Innovation is left to suppliers to try to devise new angles, but commercial pressures mean that many of those products remain proprietary, as the innovators try to recoup their own investment in its development.

Increasingly clients are focussed on key indicators and the challenge to produce more for less often results in single project mindset with a challengingly low budget and a programme that is too tight, as a means to avoid overspend and slippage. This inhibits innovation, as the tight programme precludes either time to think or time to react to the unexpected events which can emerge when new techniques are trialled.

Many of our current procurement processes thus frequently act as a barrier to innovation.

Those more curious clients who are clear about their overall objectives can win most from innovation.
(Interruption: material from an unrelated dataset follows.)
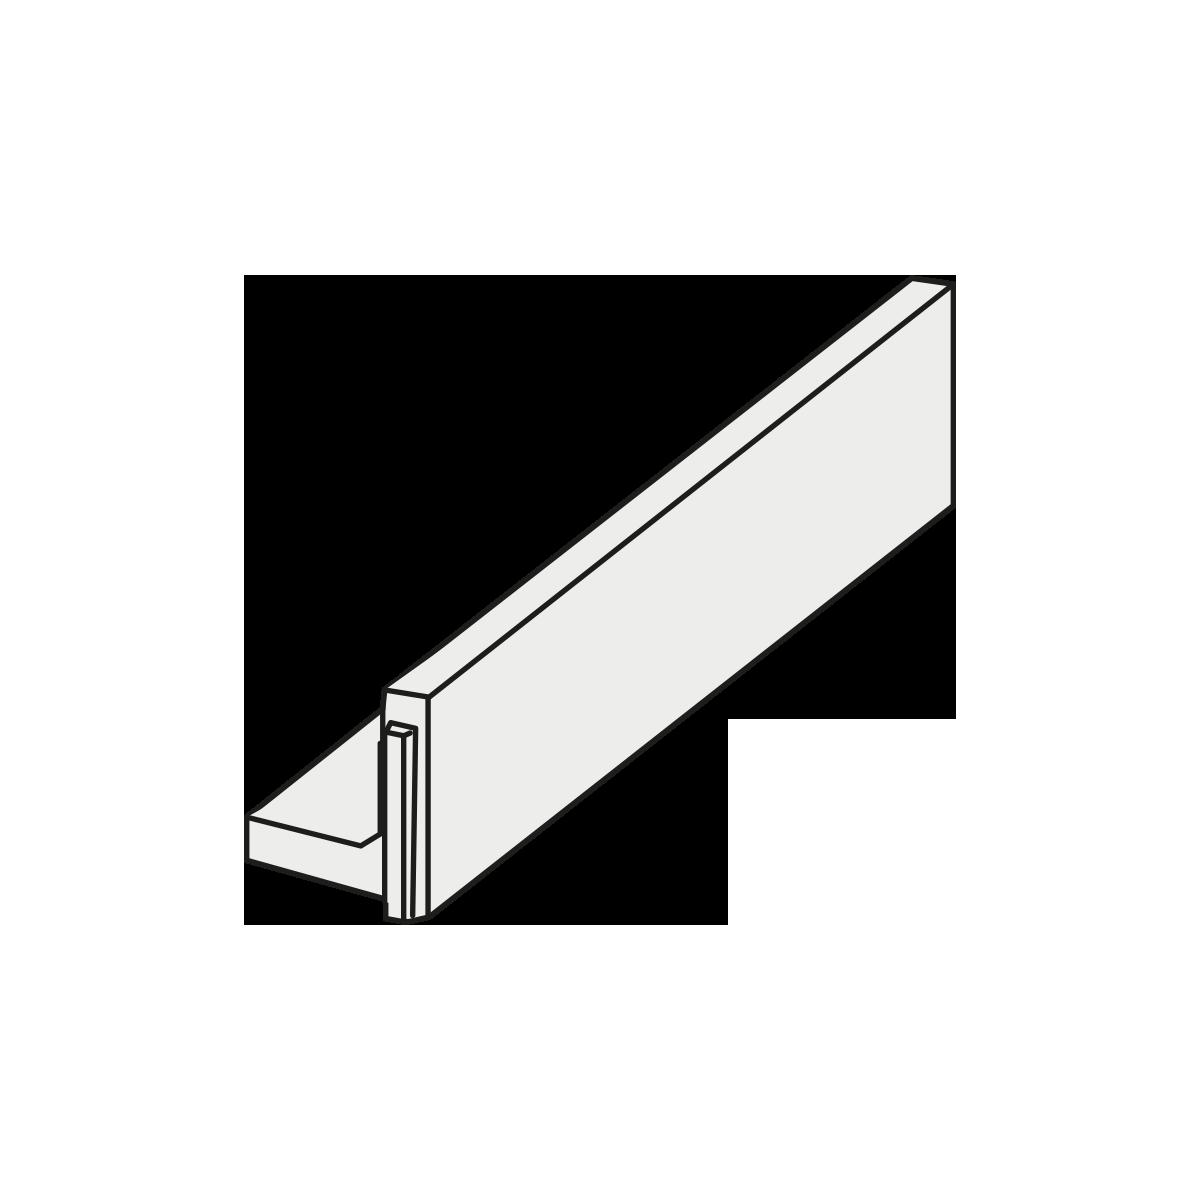 ParkLine Støttemur 160 - 95x120x10 cm Grå

If they are prepared to risk trialling new techniques or products, while carefully measuring the outcome, there is much to be gained for them, on their projects, and on subsequent ones too.

And “clients” should be seen more holistically – in principle Crossrail Line 1 is a single project, but Transport for London has had the vision to establish a tunnelling academy in parallel, so that longer term benefits accrue.  All the main asset owning clients should be instigating long term programmes of research to enable them to meet their fundamental business objectives at lower cost and more reliably – hence an asset owner whose operations are afflicted with routine failures that occur apparently at random should have a long-term vision and concerted research programme as to how such events can be minimised to a carefully thought out limit of tolerance.

Vision and clarity of long term business objectives are needed, plus a willingness to instigate programme of research that transcend short term share fluctuations and tribulations, management trends and even the careers of their staff.

Many infrastructure asset owning bodies face very similar challenges in improving what they do over time. They may find it more efficient to share and even to unify their goals and to pool their resources to force those longer term industry trends, into a broad research road-map. The Green Construction Board’s pan-industry statement of endorsement for the Infrastructure Carbon Review could provide a model for such collaboration, although it remains to be seen how such common research can be coordinated and disseminated.

Einstein said that insanity is “doing the same thing over and over again and expecting different results”. We can limit innovation, and instead trust to good fortune that our projects will be delivered increasingly more reliably, more cheaply, more rapidly, more safely and with lower carbon. That would be insanity!